AIM OF THE TASK: Return the data exactly, apart from leaving out the pictures.

==== RAW DATA ====

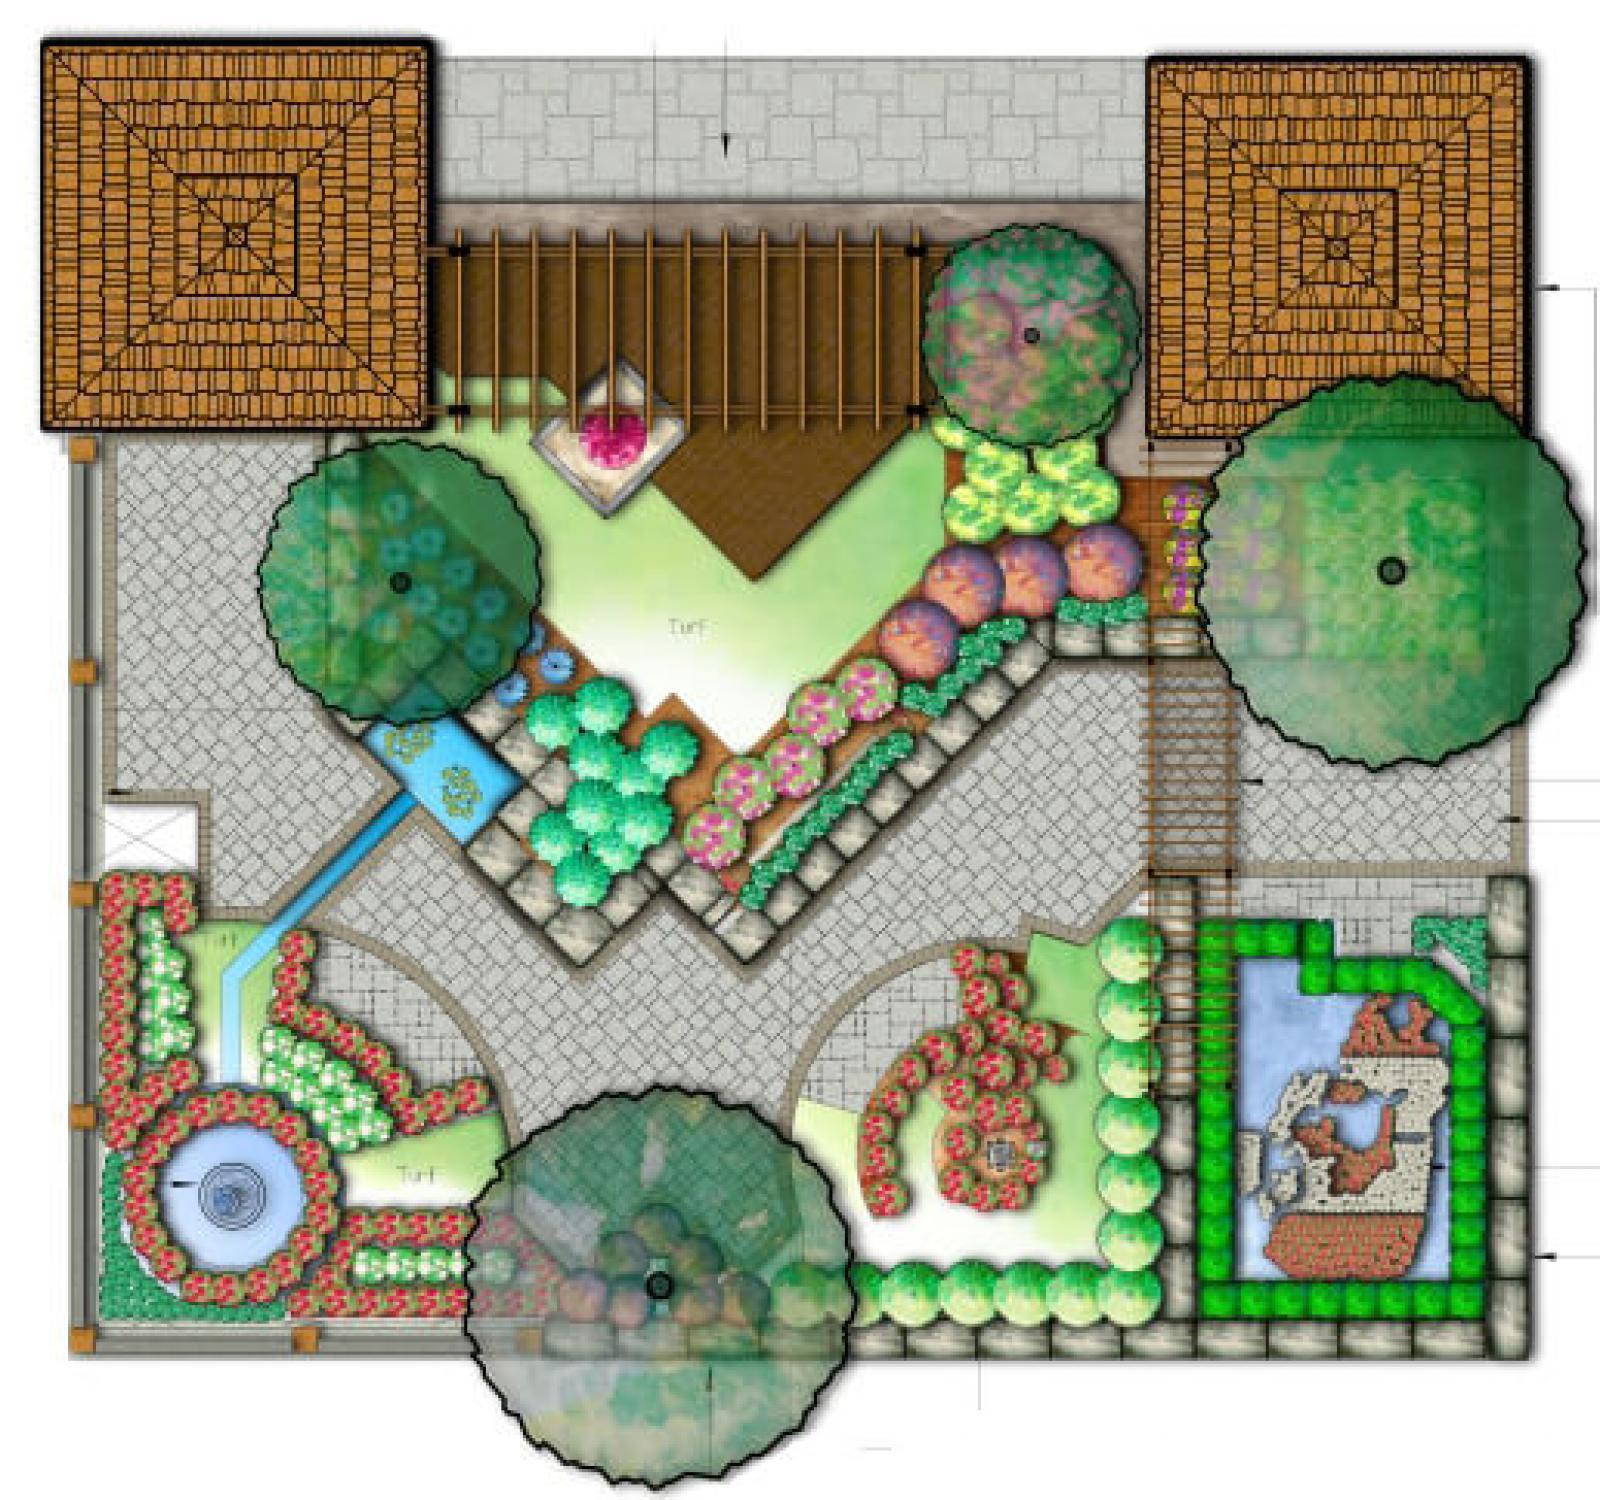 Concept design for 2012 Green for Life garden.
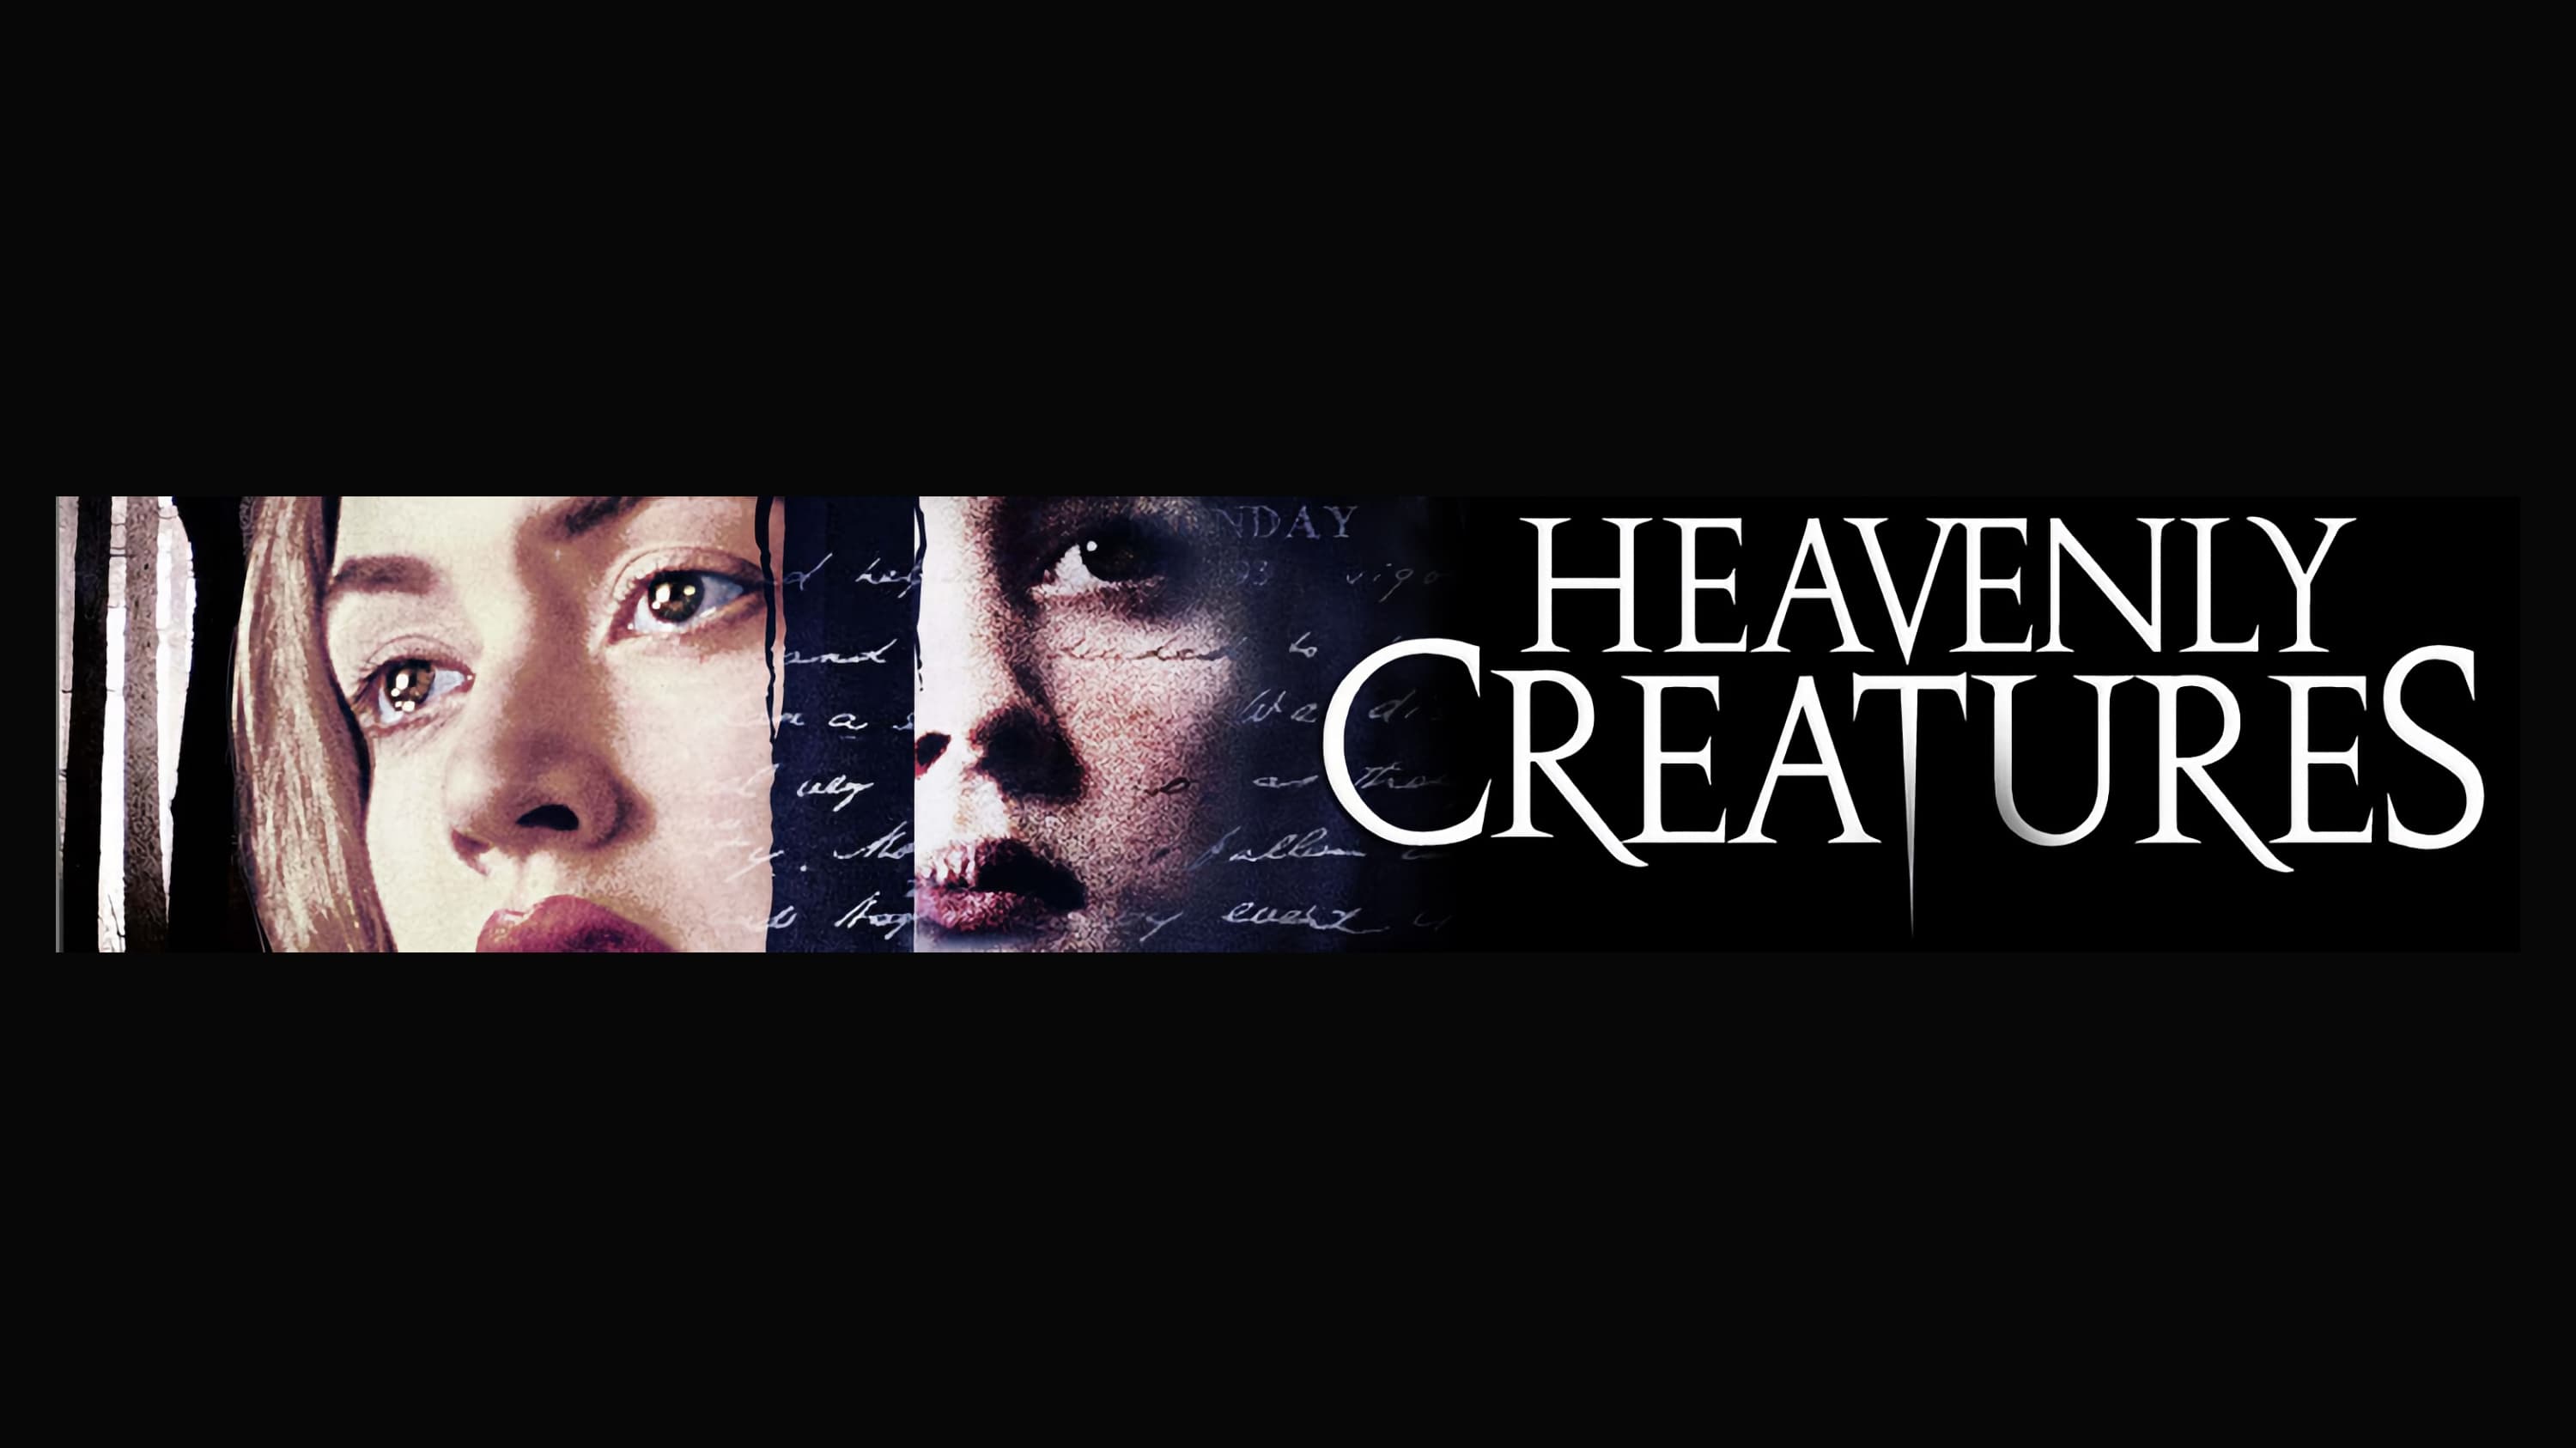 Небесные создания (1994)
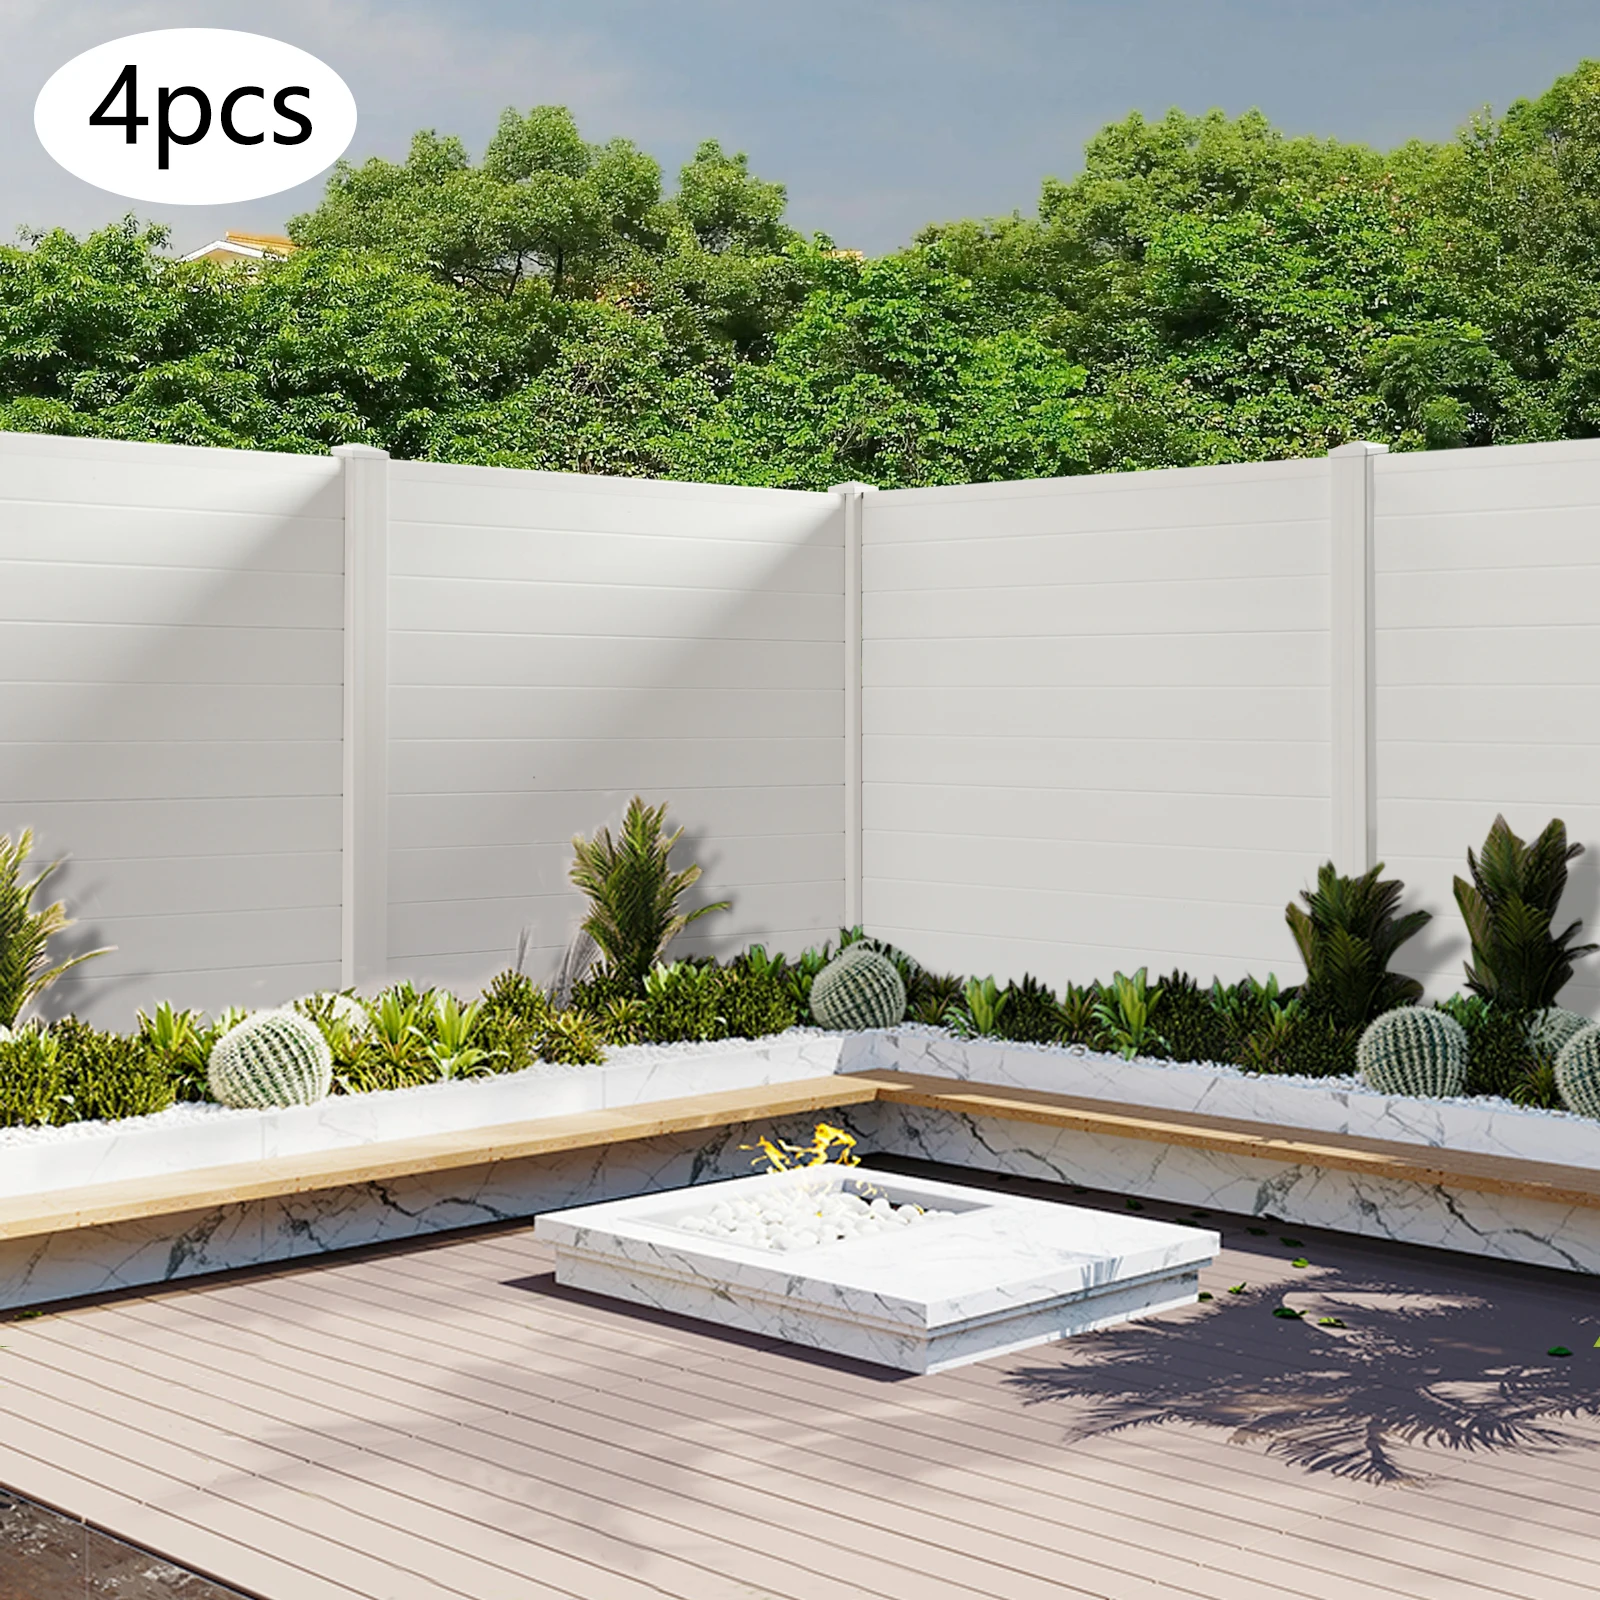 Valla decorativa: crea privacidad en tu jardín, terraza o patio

====

WORKED SOLUTION:
 Concept design for 2012 Green for Life garden.
 Небесные создания (1994)
 Valla decorativa: crea privacidad en tu jardín, terraza o patio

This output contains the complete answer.